━━ Supplied material ━━
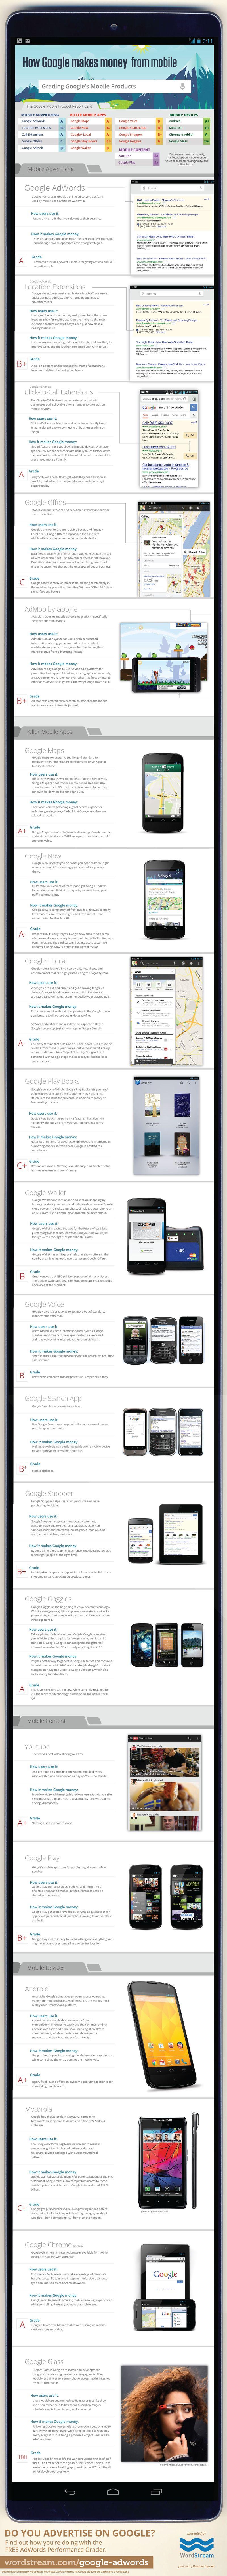 Google-mobile
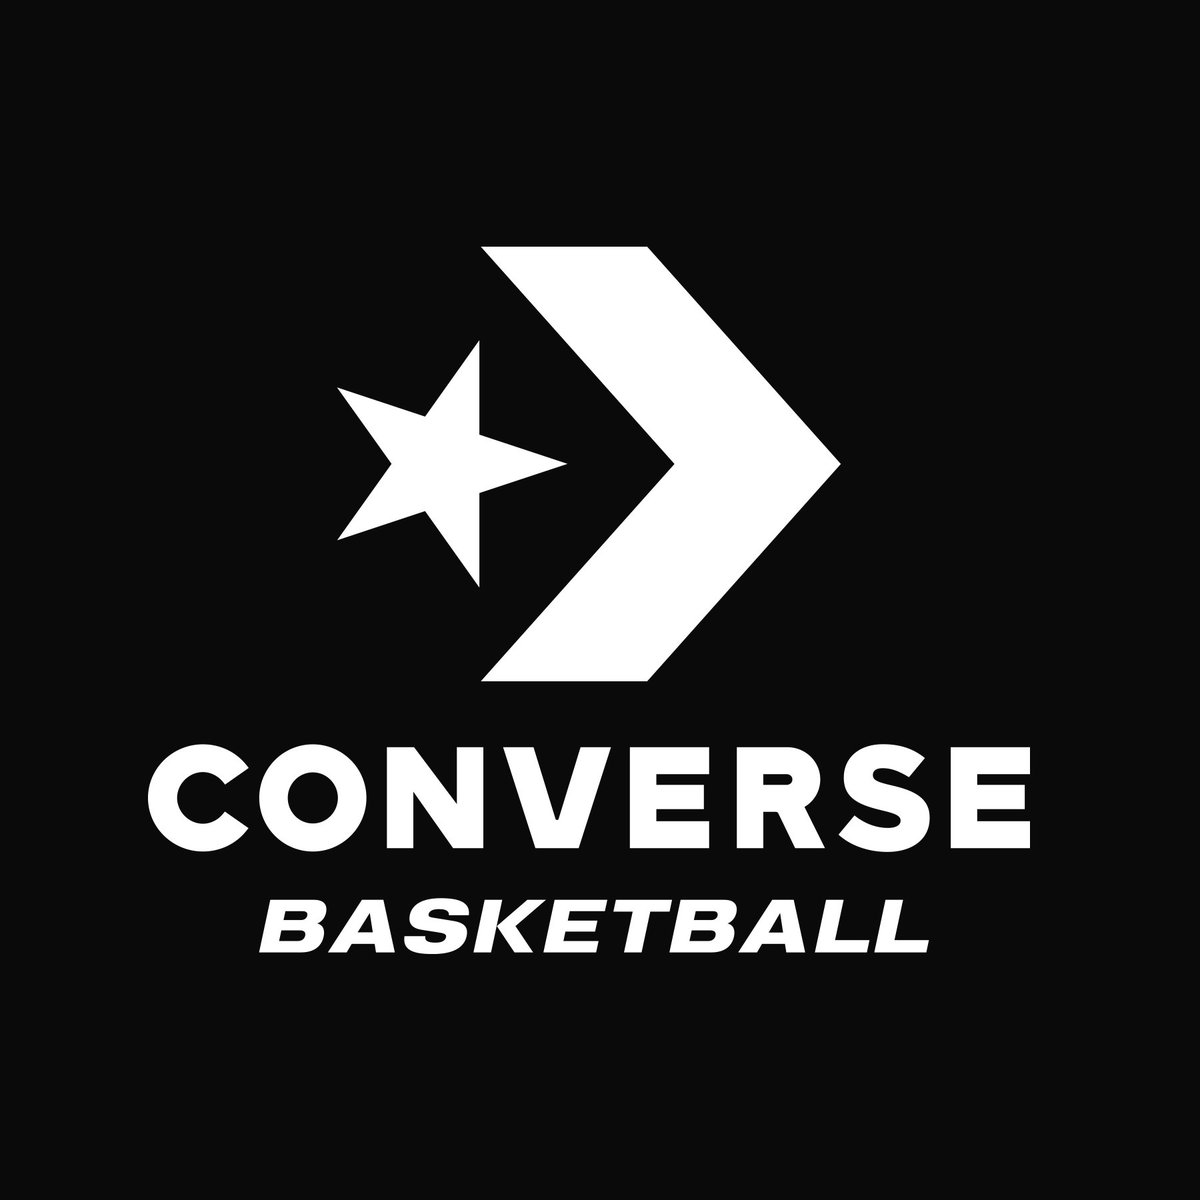 027da32958ed Converse Basketball branding http   www.joerperez.com converse-basketball   … JOE PEREZ STUDIOS CREATIVE DIRECTION  JOE PEREZ ART DIRECTION + DESIGN   HARIS ...
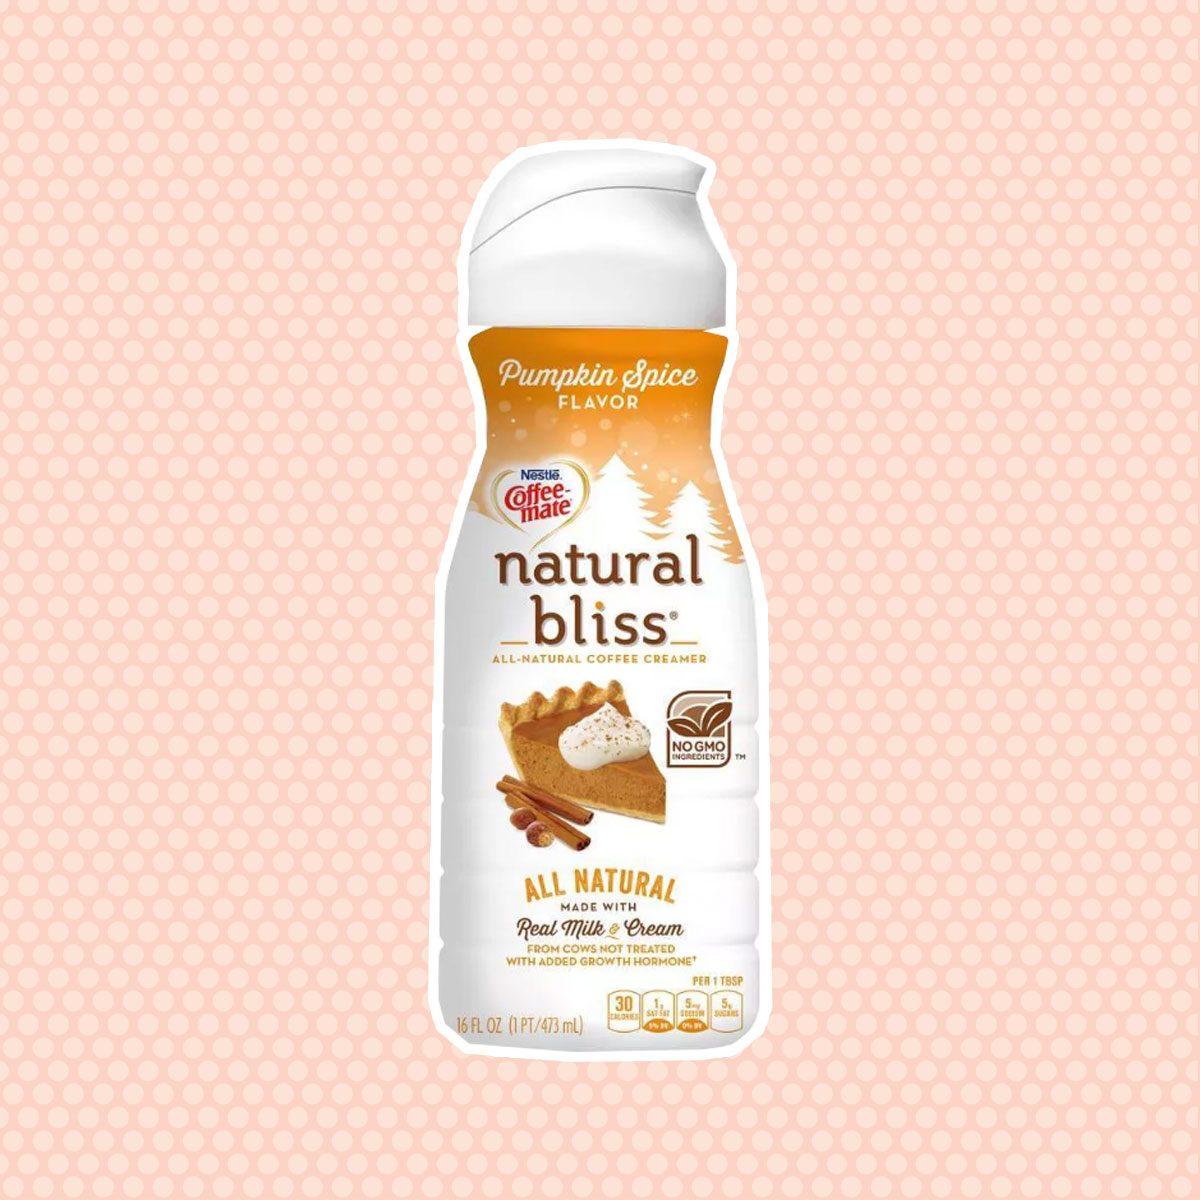 Natural Bliss Pumpkin Spice Coffee Creamer
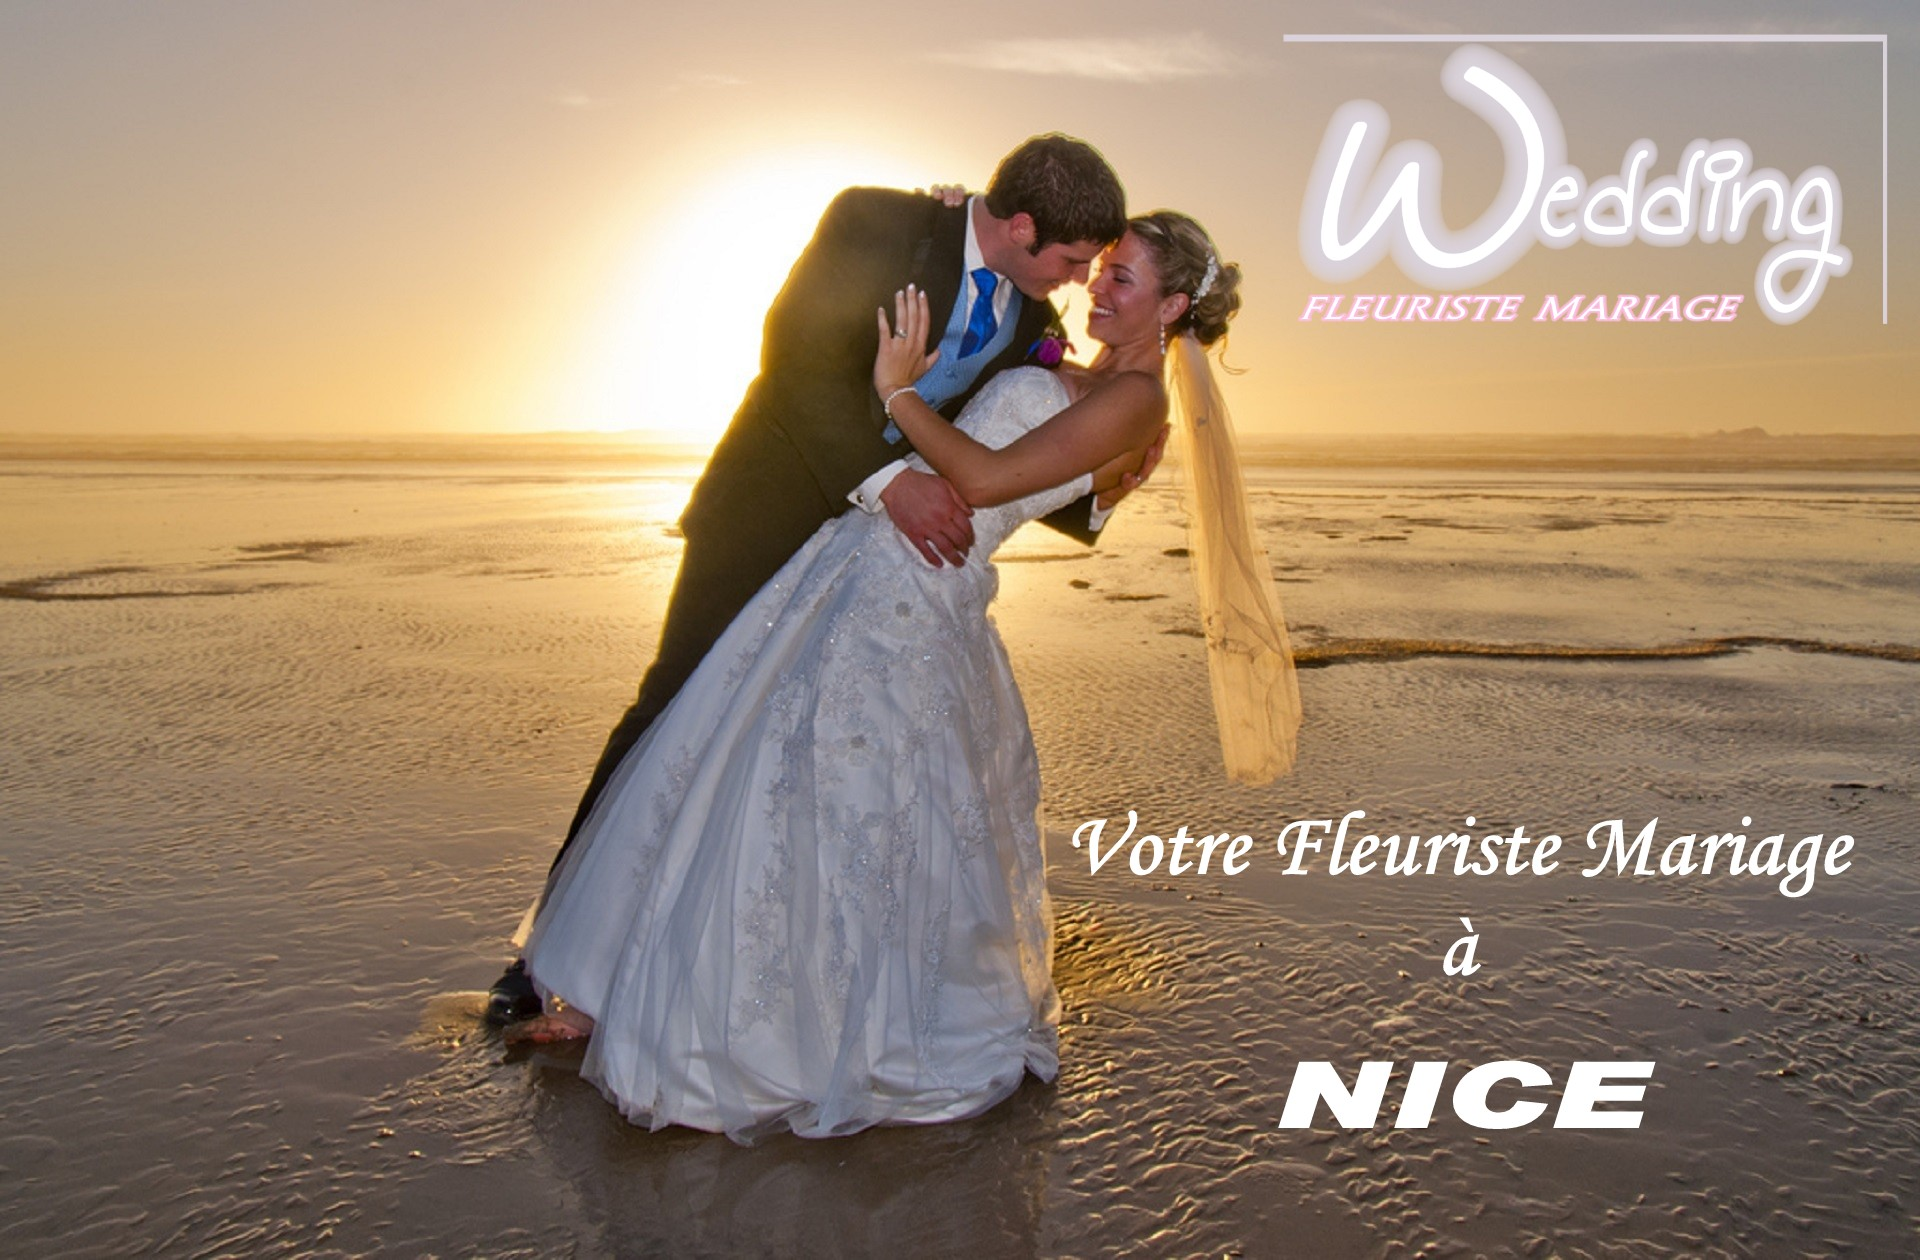 FLEURISTE MARIAGE NICE - WEDDING PLANNER NICE - TRAITEUR NICE
━━━
-- Goal of the exercise --
Exactly as they stand, write the lines from the one holding "027da32958ed Converse Basketball" to the end of the material, both ends included. Do not copy the pictures.

-- Expected answer --
 027da32958ed Converse Basketball branding http   www.joerperez.com converse-basketball   … JOE PEREZ STUDIOS CREATIVE DIRECTION  JOE PEREZ ART DIRECTION + DESIGN   HARIS ...
 Natural Bliss Pumpkin Spice Coffee Creamer
 FLEURISTE MARIAGE NICE - WEDDING PLANNER NICE - TRAITEUR NICE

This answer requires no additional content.